"S-sabar Ris, tenangin diri dulu. Aku bisa jelasin kok"

"Hiks... aku itu khawatir sama kamu! Aku berusaha enggak mikir yang aneh-aneh sama kamu. Ketemunya malah keadaan kamu penuh luka gitu! Gimana aku bisa tenang kalo liat kamu kayak gini! Aku... hiks... sangat khawatir tahu..."

Tangisan Brisa pecah. Esme yang melihat itu langsung turun dari motor dan menarik Brisa ke pelukannya. Ada rasa bersalah dalam diri Esme karena sudah membuat Brisa menangis lagi.

"Sudahlah Ris, jangan nangis lagi ya. Maaf udah buat kamu jadi sekhawatir ini."

Ucap Esme mengelus kepala Brisa untuk menenangkannya. Saat Esme terus berusaha menenangkan Brisa, ia sempat melihat ada bik Hanina tak jauh dari mereka. Tambak bik Hanina tersenyum pada Esme dan langsung pergi dari sana. Esme yang melihat itu merasa sudah mendapatkan tanggung jawab dari bik Hanina.

Brisa mulai tenang. Ia sedikit melonggarkan pelukan itu agar bisa melihat Esme. Tampak matanya yang memerah. Esme menghapus air mata itu dengan lembut dan kemudian mengecup dahi Brisa begitu lama. Lagi, semburat merah muncul di pipi Brisa atas perlakuan manis dari Esme.

"Ciee... udah merah aja di giniin, uwuu imutnya"

Ucap Esme mengeluskan wajahnya ke pipi Brisa membuat si empu merasa geli sekaligus tambah malu.

"Aaa... udah ah, gombal!"

"Hihi, iya sayangku. Mumpung udah ada kamu gimana kalo kita makan?"

"Mm... boleh aja. Oh ya tadi kan aku bersama bik Hanina pergi belanja, tapi kemana ya bibik?

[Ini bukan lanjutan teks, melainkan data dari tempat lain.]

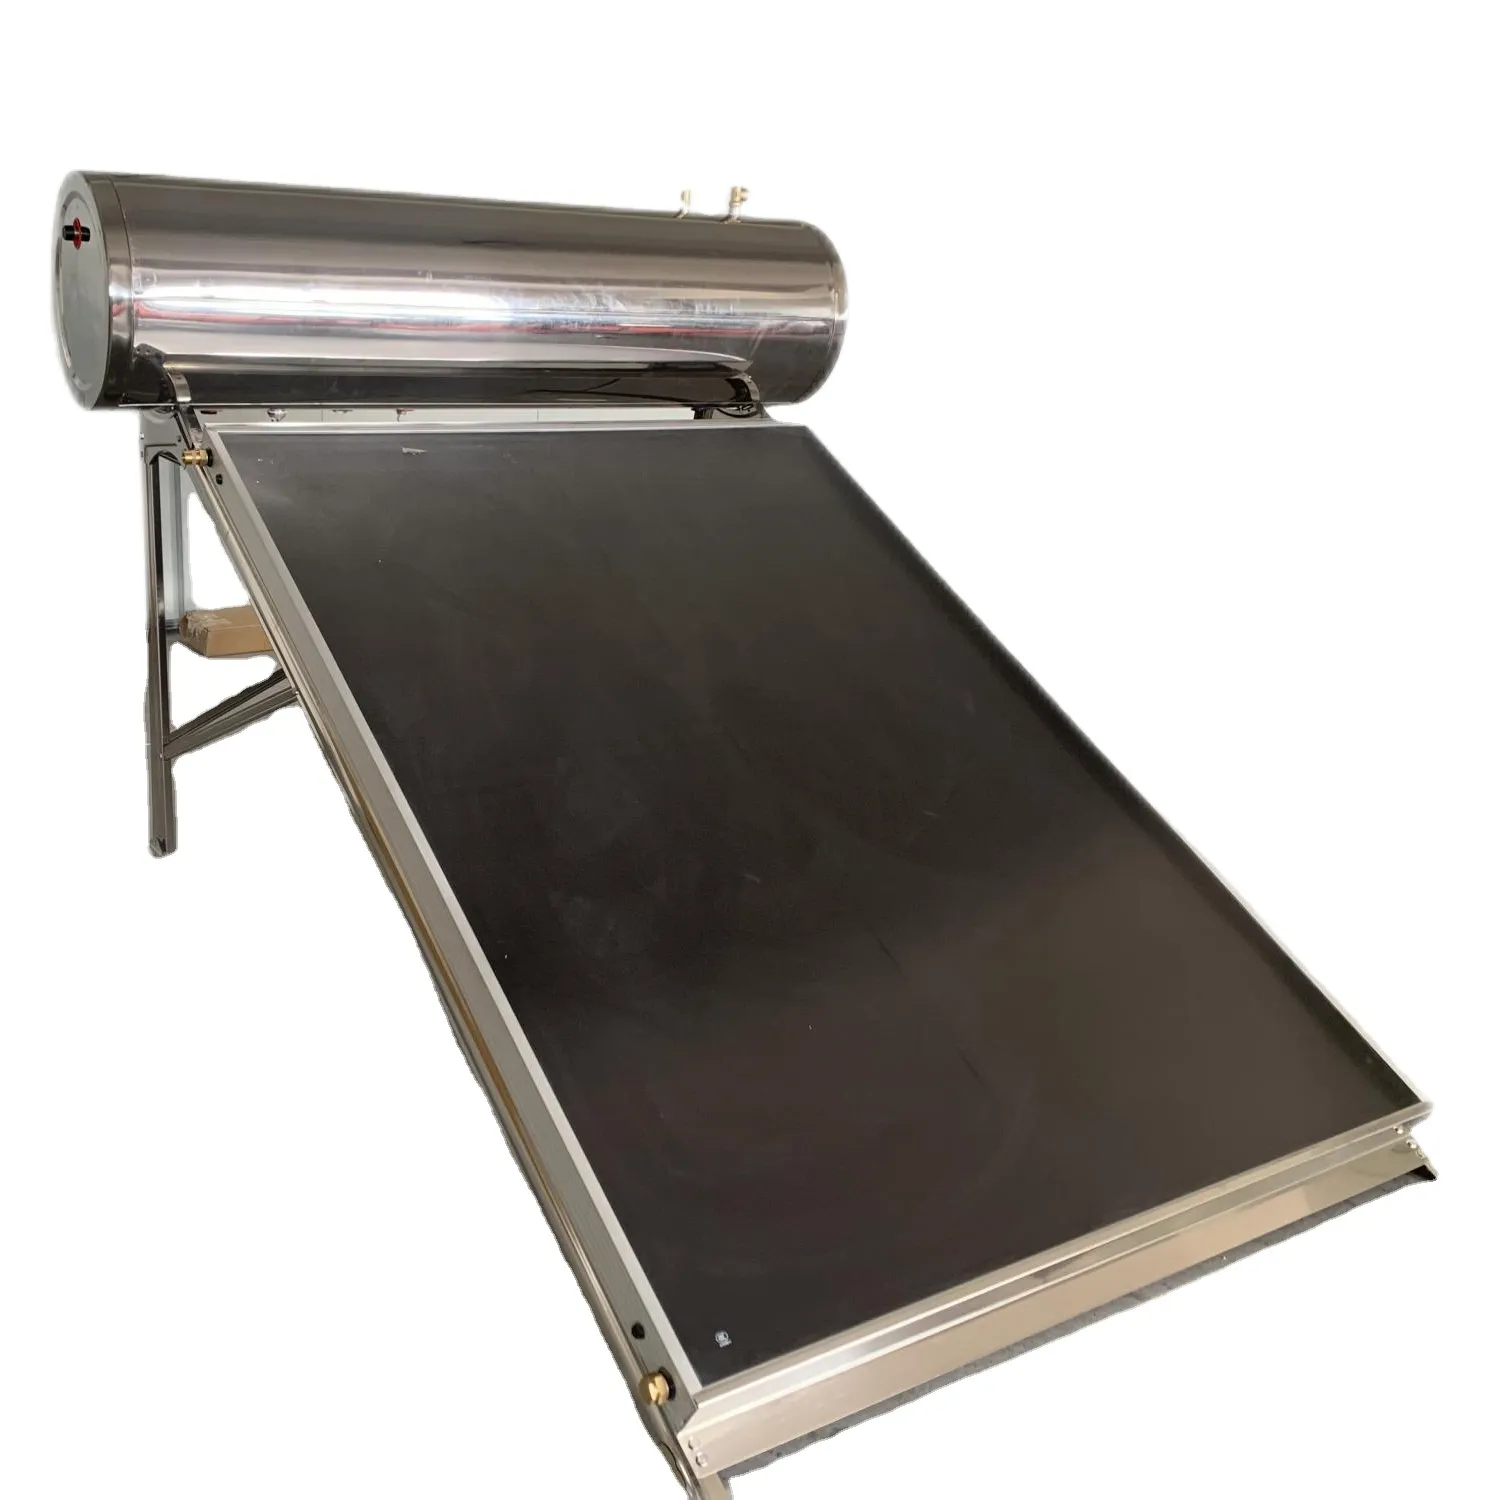 High pressurized flat plate solar panel water heater with high quality

Perasaan dia ada di belakang ku tadi"

"Ya iyalah, toh bik Hanina nya udah pulang duluan"

"Lah kok kamu bisa tahu?"

"Aku kan pacar kamu, pasti tahulah"

"Huft... enggak ada hubungannya. Udah ah, yuk kita pergi. Eh tapi kamu yakin bisa bawa motor?"

"Bisalah pacarmu ini kan kuat, percayalah"

Brisa hanya terkekeh mendengar perkataan Esme barusan. Esme kini juga mulai senang melihat Brisa kembali tersenyum lagi.

"Iyaiya, pacarku. Sebelum itu kita ke rumah aku dulu ngobatin luka-luka kamu itu"

"Siap, bos!"

Balas Esme dengan bergaya hormat pada Brisa. Brisa sengaja tidak menanyakan dari mana luka-luka itu muncul. Saat ini Brisa hanya ingin menghabiskan waktu bersama dengan Esme.

Setelahnya Esme menghidupkan motornya dibarengi Brisa yang menaiki motor Esme. Mereka mulai pergi dari tempat itu. Perjalanan itu diselimuti hening, tidak ada yang bersuara diantara mereka, hingga mereka sampai di depan rumah Brisa. Untungnya gerbang rumahnya sudah terbuka jadi Brisa tidak perlu memanggil bik Hanina.

Mereka berdua langsung masuk ke dalam rumah. Di dalam, mereka dapat melihat bik Hanina sedang berurusan dengan dapur. Brisa menyuruh Esme untuk duduk di sofa ruang tamu, sedangkan dirinya menemui bik Hanina.

"Bik, maaf tadi Brisa main ninggalin bibik aja tadi"

Ucap Brisa merasa bersalah pada bik Hanina. Meski bik Hanina adalah ART di rumah itu, Brisa tetap menganggap beliau adalah ibu keduanya setelah ibu kandungnya.

"Nggak papa kok Non, bibik tahu Non pasti khawatir dengan Mbak Esme apalagi dengan penuh luka kayak gitu"

"Iya, bik"

"Bibik ambilin obat P3K nya dulu yah"

"Makasih bik"

Bik Hanina langsung mengambil kotak P3K dan memberikannya pada Brisa. Tanpa membuat lama lagi, Brisa langsung pergi ke ruang tamu untuk mengobati Esme.